▶ Problem statement:
The output should be the listing below, limited to the lines from the one with "Unique Designs That'll" through the one with "Student writing down", exact and without pictures.

▶ Excerpted records:
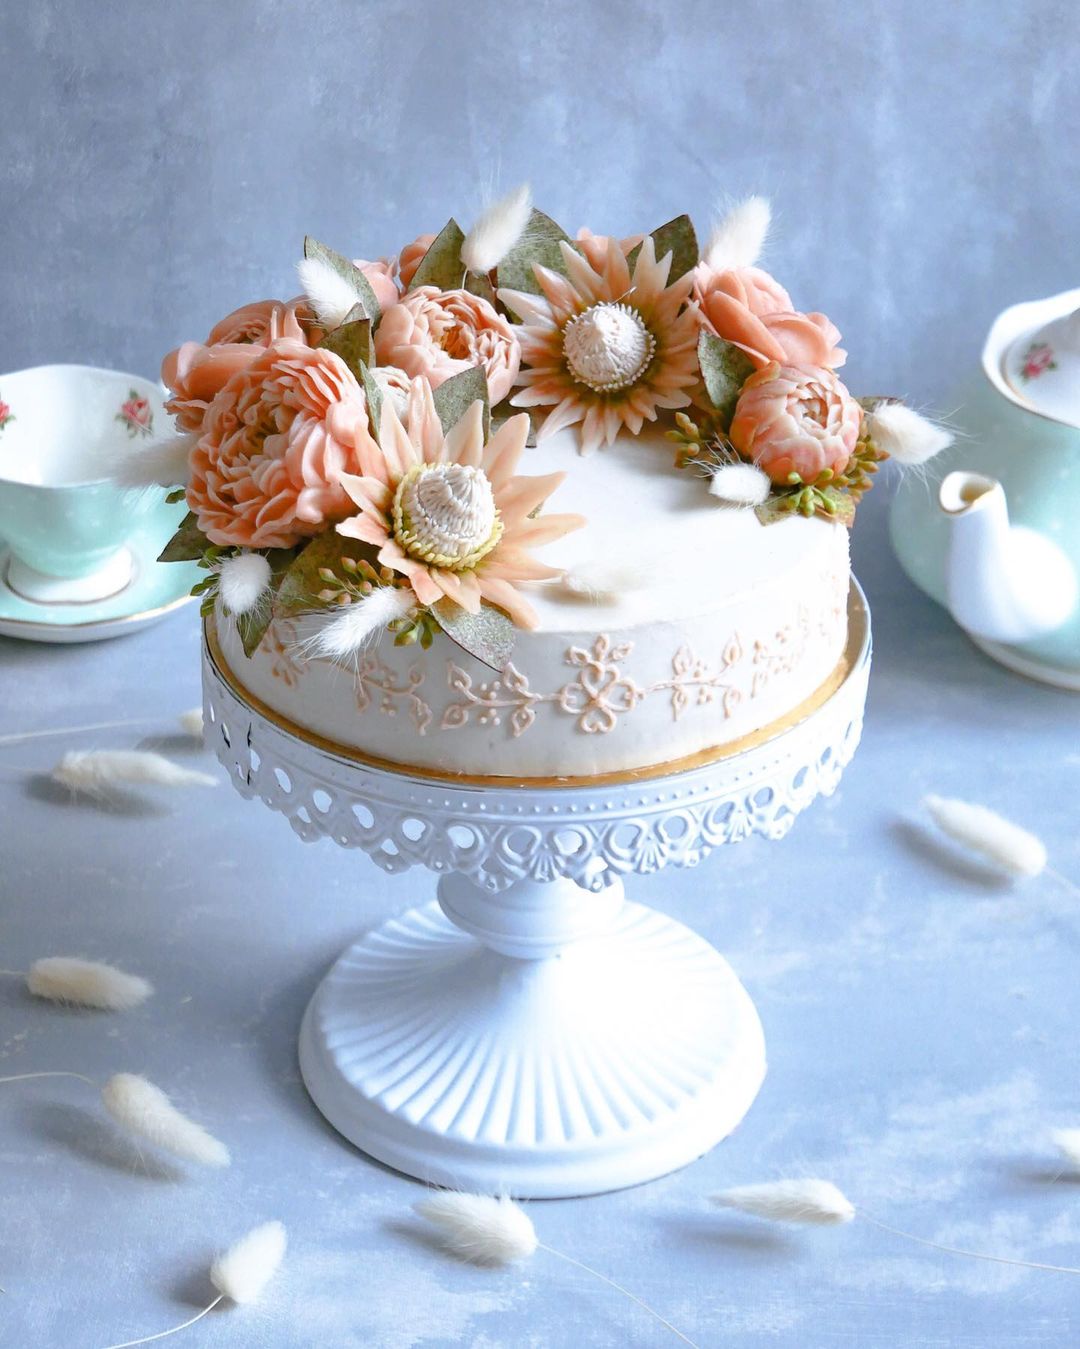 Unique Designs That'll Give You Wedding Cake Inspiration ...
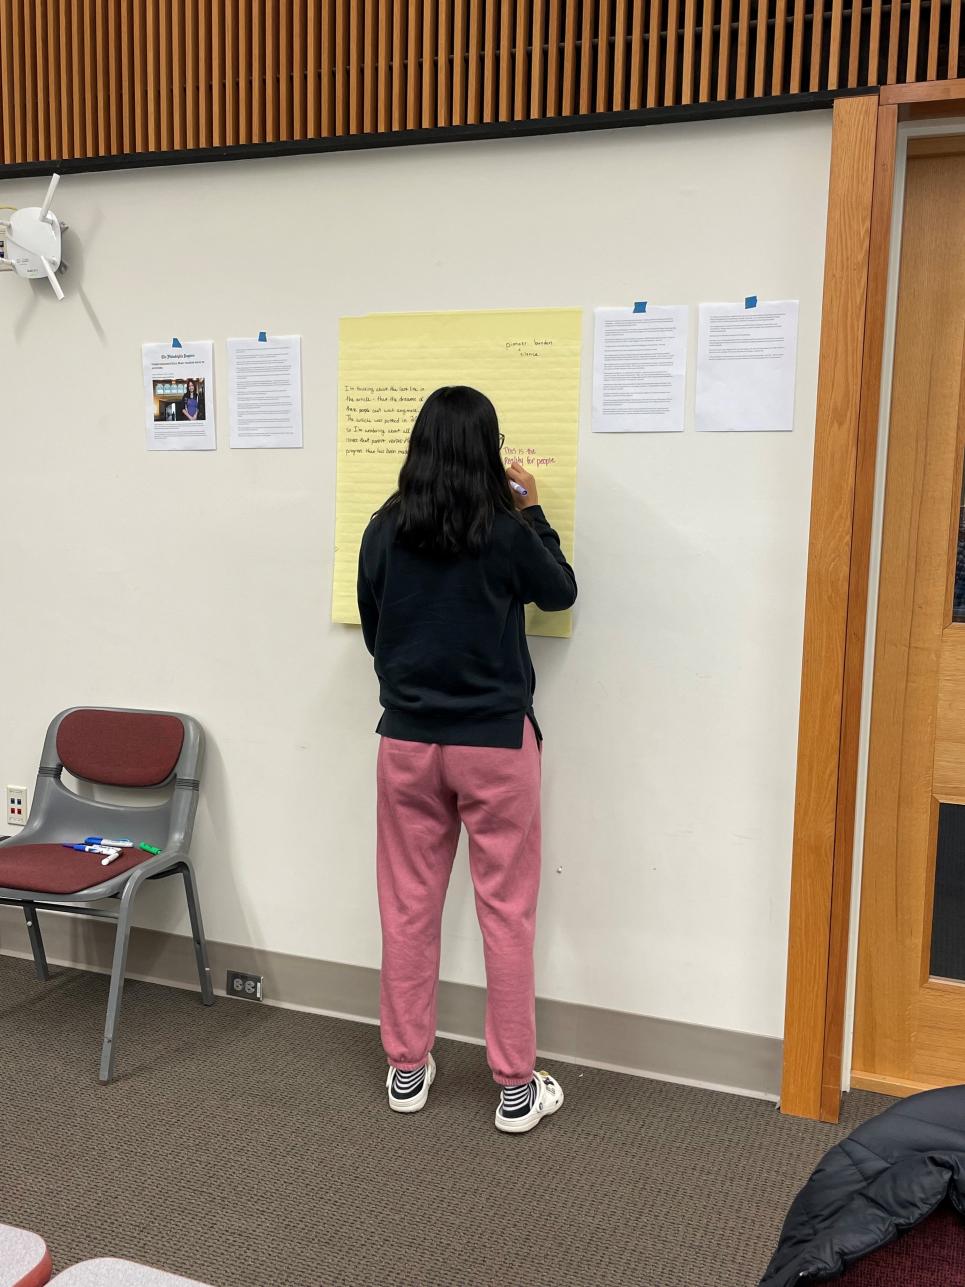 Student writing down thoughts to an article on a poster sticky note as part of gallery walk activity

...

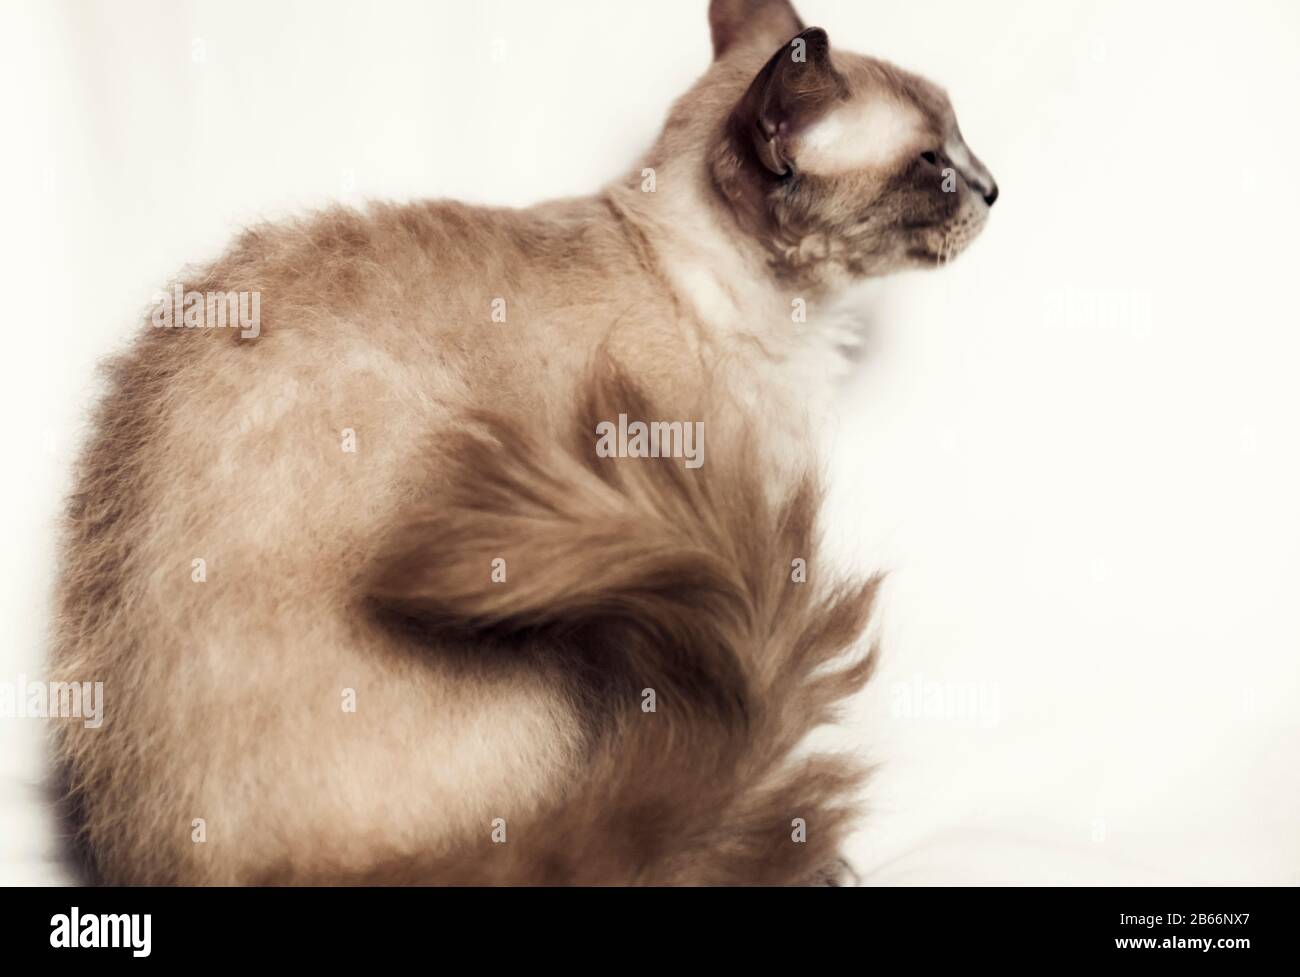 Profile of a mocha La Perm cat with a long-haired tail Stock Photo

▶ Solution below:
 Unique Designs That'll Give You Wedding Cake Inspiration ...
 Student writing down thoughts to an article on a poster sticky note as part of gallery walk activity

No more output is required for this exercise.